もっと小さい単位では、営業にエンジニアがついてスキルチェックの問題をみっちりマンツーマンで教えるといった勉強会もやってたりします。
最近では「HTML・CSS勉強会」をエンジニア主導で開催しました。メインの目的はエンジニアとデザイナーの認識合わせ(概念的なところからコーディングまで広く)でしたが、勉強会にはディレクター、ライター、CS(カスタマー・サクセス)チームなども参加しました。

エンジニアがスライドを使って説明しています。
内容はもちろんですが、エンジニアが普段どういったことを考えて&大切にして開発しているのかを知る機会って、同じ会社にいても意外とないのでそこを知れたのもよかったなと感じました。
paizaのサイトもデザイン面の課題はまだまだあるので……これからよくしていくためにもこの勉強会は今後も継続予定です。

paizaトップページを見ながら。みんな真剣です。
④エンジニアリーダーが何でも質問に答える会を開催
つい先日ですが、エンジニアリーダーがなんでも質問に答えるよSlackチャンネルを開設して、1時間ひたすら質問に答えてくれる会を開いてくれました。

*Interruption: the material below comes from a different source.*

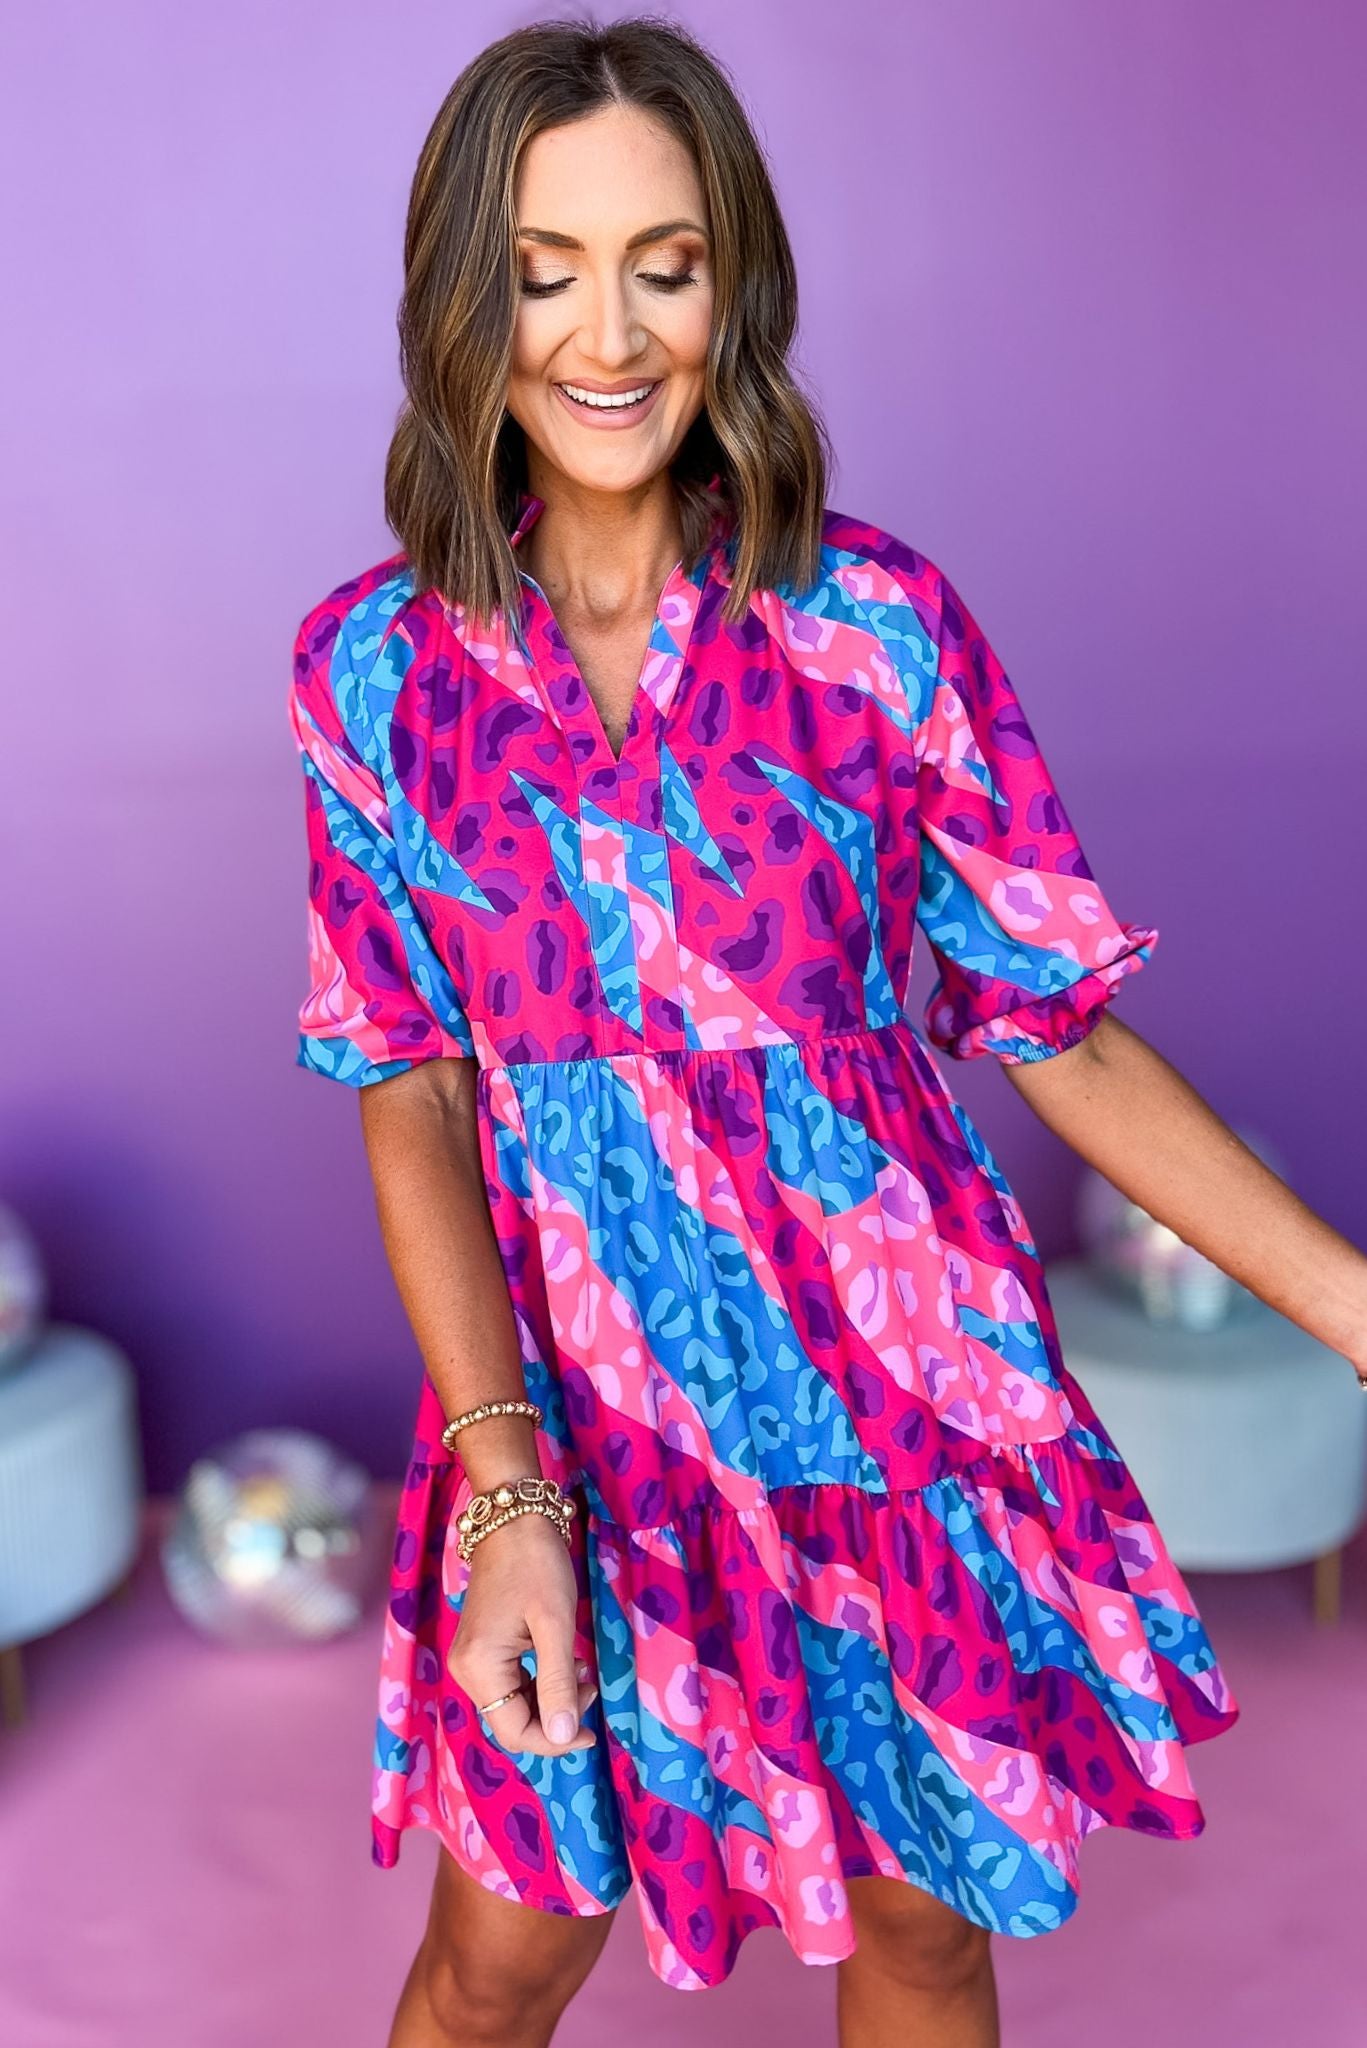 SSYS The Mix Print Tatum Dress In Camo Animal, ssys the label, ssys dress, printed dress, elevated dress, church dress, work dress, brunch dress, mix print dress, mom style, bright style, spring style, shop style your senses by Mallory Fitzsimmons, ssys by Mallory Fitzsimmons  Edit alt text

「どうやら社内で"エンジニアがなに考えてるかよく分からん"っていう噂があるらしい」ということでエンジニア側からの発案で開催。非エンジニア側からすると、「いや、そんなことはないはず……」と思っていたのですが、確かに質疑応答を見ると「ここは全然分かってなかったな~」「こんなことを考えてるのか~」と新発見ばかりでした。
「開発チームで今課題だと感じていることってある?」「エンジニアもっと採用したい?」といったことから、「リモートワークとか副業って興味ある?」「事務局のほうで電話対応が多いとフロアが賑やかになるけどエンジニア的にはどう思ってるん?」「てかなんでエンジニアになったんです?」などなど…活発に質疑応答が飛び交いました。
今度は他の職種の人も「Webディレクターだけどなんか質問ある?」といった形で開催を計画しています。
どちらから歩み寄るべきか問題
弊社はありがたいことにエンジニアのほうからいろいろと「こうするとよさそう~」というのを考えて提示してくれるので、取り組みとしてはそれに乗っかることが多いです。
ただ、paizaというサービスの性質上、全社員がエンジニアやプログラミングへの理解を深めて損はないので、営業がプログラミングを学習してスキルチェック問題を解いたり(こちらの記事参照)、SQLを書けるようになったりっていうのも大事にしています。
おそらく多くの場合は、エンジニアから非エンジニアに歩み寄ったほうがうまくいきやすいのかなという気もしますが(もちろん企業によりけりだと思います)、そればっかりでエンジニアに甘えてしまうとあまり意味がないので、お互いのことを理解する気持ちというのは必要ですね。
まとめ
エンジニアと非エンジニアのすれ違いとその対策についてお話してきました。
今回はエンジニアとそれ以外の職種の人のコミュニケーションのすれ違いを取り上げましたが、どのような職種・役割でも起こりうることではあります。
この記事を書くにあたって、弊社のエンジニアに「どうしてこういう取り組みを提案してくれたんですか?」と聞いてみたところ、第一声は「できるだけ楽したいから」と返ってきましたが(エンジニアっぽくていいですね)、もう少し聞いてみると「元々のやり方だと緊急度の高いものでも手が空いてる人がいないと放置になってしまったり、何かあってエンジニアが減ってしまったときに破綻してしまうと思って」とのことでした。
確かに組織はずっと同じ状態で居続けるわけではないので、このようにルールや仕組みを作ることでコミュニケーション不全による損失を防ぐことができると思います。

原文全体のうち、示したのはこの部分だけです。